Katliamı gerçekleştiren Adam Lanza asperger sendromu hastası
imiş. Felaketi bu ya da otizm spektrumundaki bir başka rahatsızlığa
bağlayanlar oldu ki bu da akıl hastalıkları konusunda ne kadar az yol
aldığımızın göstergesi. Amerika gibi ARGE’ye müthiş yatırımlar yapan bir
ülkenin her geçen gün oranı daha da artan akıl hastalıkları üzerine tatmin
edici miktarda çalışma yapmıyor (yapamıyor) oluşunu hayretle karşılıyorum.
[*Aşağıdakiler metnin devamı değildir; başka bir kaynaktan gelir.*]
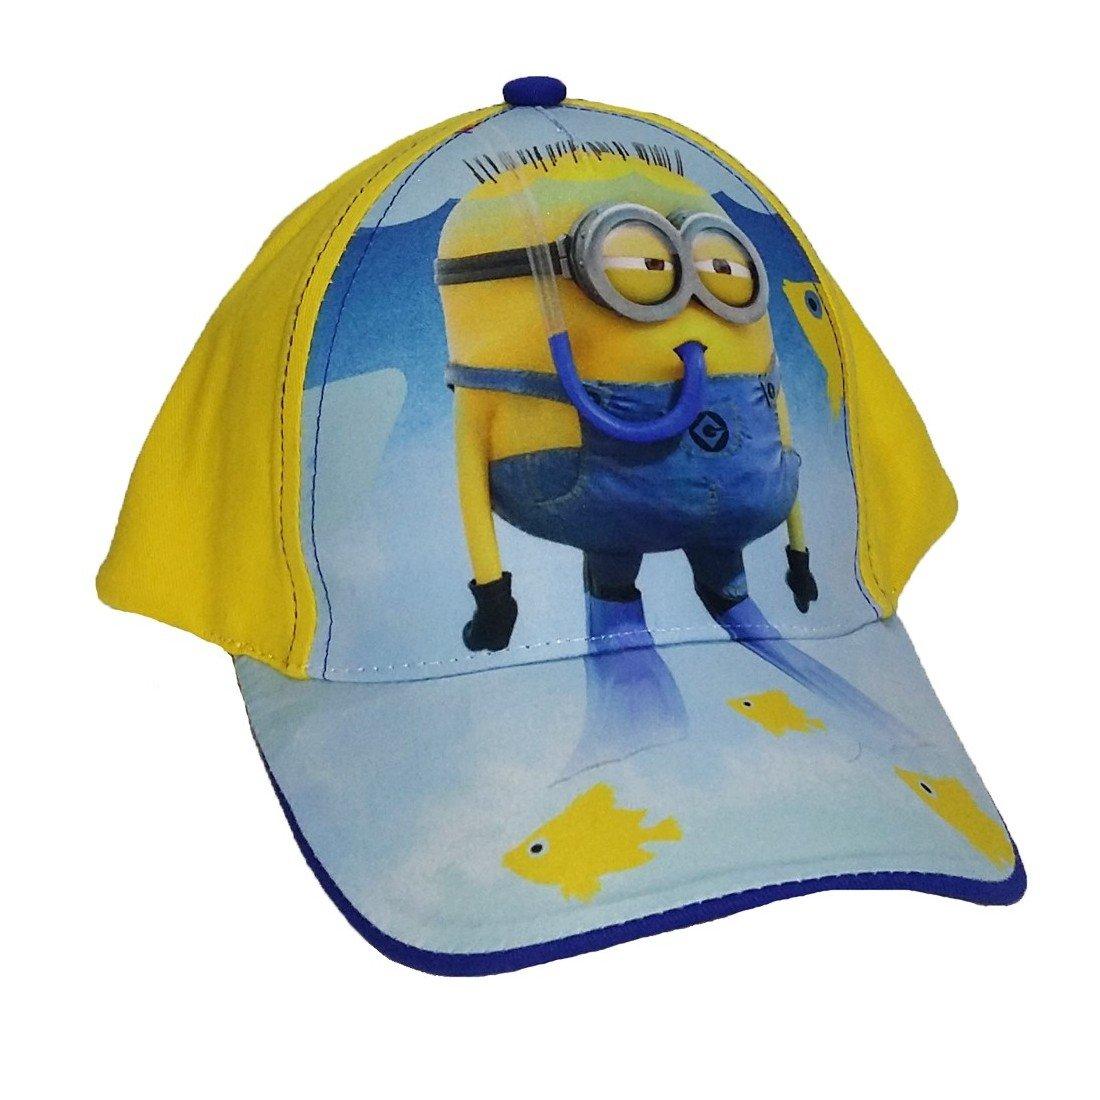 Cappello bambini in cotone con visiera Minions regolabile cod  976 Giallo e  Blu  Amazon.it  Salute e cura della persona f977a57ef5b6

Sürekli aynı sorular etrafında dönüp dolaşıyoruz. Bu sorular sadece nedenlerle sınırlı değil, gelişimle de ilgili. Adam Lanza’da arabasına atlayıp hiçbir
ilişkisinin bulunmadığı bir ilkokuldaki çocukları katletme isteği doğuran
nedir? En ufak bir malumatımız yok.
Otizm spektrumdaki  hastalıklarda
aile bireyleri ve tanıdık insanlara karşı yönlendirilenler dışında agresif tepkiler gözlemlenmiyor.
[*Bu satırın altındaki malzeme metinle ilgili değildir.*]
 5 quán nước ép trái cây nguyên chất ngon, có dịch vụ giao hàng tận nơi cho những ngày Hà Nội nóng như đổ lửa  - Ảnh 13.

Planlı ve silahlı tepkiler ise hemen hemen hiç gözlemlenmiyor. Bu konuda kendi oğlundan örnek vererek çok
güzel bir yazı yazmış blogunu çoğu zaman ilgi, bazen de kızarak takip ettiğim
Emily Willingham. Her şeyden önce bu felakete çok da bilgi sahibi olmadığımız
hastalıkları neden olarak gösterip pekala empati yapma yeteneğine sahip olan
çocukları ve ailelerini üzmeyelim. Bu bağlamda tartışması yapılabilir olan üçüncü mesele psikyatrik ilaçlar ve
yan etkileri meselesidir. Lanza’nın hangi ilaçları aldığı ve bu ilaçların onun
üzerinde nasıl bir etki bıraktığını bilmiyoruz. Yapacağım herhangi bir yorum bu
konuda yeterince bilgi sahibi olmadığım için spekülasyondan öteye
gitmeyecektir. Ancak yan etkileri şiddet ve intihara eğilim olan ilaçlar
kullanıyordu ise o zaman kontrolsüz ilaç kullanımına olan karşıtlığım kat kat
artacak ve bu konuda ihmali bulunan herkesi suçlamaya hazır olacağım.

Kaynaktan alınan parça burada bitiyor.